Problem:
Find every line below where the word "grau" occurs. Then say how many there are, giving only the number.

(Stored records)
"""
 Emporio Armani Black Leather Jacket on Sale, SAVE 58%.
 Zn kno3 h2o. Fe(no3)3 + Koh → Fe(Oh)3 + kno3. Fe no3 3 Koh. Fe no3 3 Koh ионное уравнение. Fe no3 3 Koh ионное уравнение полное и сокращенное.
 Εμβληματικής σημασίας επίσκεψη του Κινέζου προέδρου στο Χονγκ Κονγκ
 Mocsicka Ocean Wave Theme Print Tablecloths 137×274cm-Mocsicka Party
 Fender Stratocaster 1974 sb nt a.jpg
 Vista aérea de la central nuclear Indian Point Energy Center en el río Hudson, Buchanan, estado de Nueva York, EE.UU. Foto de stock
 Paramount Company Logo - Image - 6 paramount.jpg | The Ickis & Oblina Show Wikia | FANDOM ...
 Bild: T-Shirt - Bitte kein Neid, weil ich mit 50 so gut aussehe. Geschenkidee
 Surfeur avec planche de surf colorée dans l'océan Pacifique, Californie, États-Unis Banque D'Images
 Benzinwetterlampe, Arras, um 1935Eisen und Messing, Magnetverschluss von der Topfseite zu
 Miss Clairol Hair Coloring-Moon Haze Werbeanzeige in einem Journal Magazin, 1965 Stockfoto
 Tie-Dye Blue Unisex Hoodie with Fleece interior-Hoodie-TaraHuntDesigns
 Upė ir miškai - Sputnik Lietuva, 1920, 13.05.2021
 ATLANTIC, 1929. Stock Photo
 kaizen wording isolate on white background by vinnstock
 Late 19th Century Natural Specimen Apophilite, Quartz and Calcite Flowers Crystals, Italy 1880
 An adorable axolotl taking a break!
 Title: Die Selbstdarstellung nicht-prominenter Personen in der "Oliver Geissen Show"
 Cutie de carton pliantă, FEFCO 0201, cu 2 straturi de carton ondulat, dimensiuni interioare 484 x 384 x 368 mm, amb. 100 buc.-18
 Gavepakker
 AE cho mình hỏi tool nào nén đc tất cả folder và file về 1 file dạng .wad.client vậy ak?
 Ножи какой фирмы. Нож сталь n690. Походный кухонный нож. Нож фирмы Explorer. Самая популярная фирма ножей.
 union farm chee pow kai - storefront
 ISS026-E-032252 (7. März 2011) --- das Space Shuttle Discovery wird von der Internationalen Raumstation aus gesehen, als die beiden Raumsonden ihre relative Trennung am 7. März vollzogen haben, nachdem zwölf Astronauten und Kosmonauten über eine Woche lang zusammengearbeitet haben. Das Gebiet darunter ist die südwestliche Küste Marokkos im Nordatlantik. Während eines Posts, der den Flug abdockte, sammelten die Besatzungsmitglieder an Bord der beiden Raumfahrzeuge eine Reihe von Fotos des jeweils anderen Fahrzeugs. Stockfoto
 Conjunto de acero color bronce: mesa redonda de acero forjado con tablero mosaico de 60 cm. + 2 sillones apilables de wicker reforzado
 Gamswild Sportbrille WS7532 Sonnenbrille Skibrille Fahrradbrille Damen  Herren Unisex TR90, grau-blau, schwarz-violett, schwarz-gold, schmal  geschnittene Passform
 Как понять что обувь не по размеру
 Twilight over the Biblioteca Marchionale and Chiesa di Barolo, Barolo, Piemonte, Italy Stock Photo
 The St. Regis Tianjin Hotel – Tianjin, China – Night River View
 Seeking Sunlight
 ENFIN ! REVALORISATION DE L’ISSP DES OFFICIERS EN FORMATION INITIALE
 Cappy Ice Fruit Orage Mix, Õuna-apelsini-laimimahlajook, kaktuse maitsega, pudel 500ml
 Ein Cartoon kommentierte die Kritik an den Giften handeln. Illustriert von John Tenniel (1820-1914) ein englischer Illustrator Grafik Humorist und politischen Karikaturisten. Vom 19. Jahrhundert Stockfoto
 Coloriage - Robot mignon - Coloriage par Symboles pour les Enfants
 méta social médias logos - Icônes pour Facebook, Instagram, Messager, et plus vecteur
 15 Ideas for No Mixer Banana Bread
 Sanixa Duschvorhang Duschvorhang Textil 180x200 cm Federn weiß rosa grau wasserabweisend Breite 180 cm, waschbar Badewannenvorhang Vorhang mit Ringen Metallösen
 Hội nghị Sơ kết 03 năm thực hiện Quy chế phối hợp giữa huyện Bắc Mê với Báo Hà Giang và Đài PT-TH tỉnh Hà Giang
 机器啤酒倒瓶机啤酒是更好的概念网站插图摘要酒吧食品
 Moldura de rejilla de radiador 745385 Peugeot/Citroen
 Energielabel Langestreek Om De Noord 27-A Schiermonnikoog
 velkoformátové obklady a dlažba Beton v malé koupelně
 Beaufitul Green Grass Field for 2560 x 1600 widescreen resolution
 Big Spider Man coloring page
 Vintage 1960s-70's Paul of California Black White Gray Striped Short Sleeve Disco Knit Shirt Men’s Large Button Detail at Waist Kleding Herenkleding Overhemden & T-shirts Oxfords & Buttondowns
"""
Solution:
2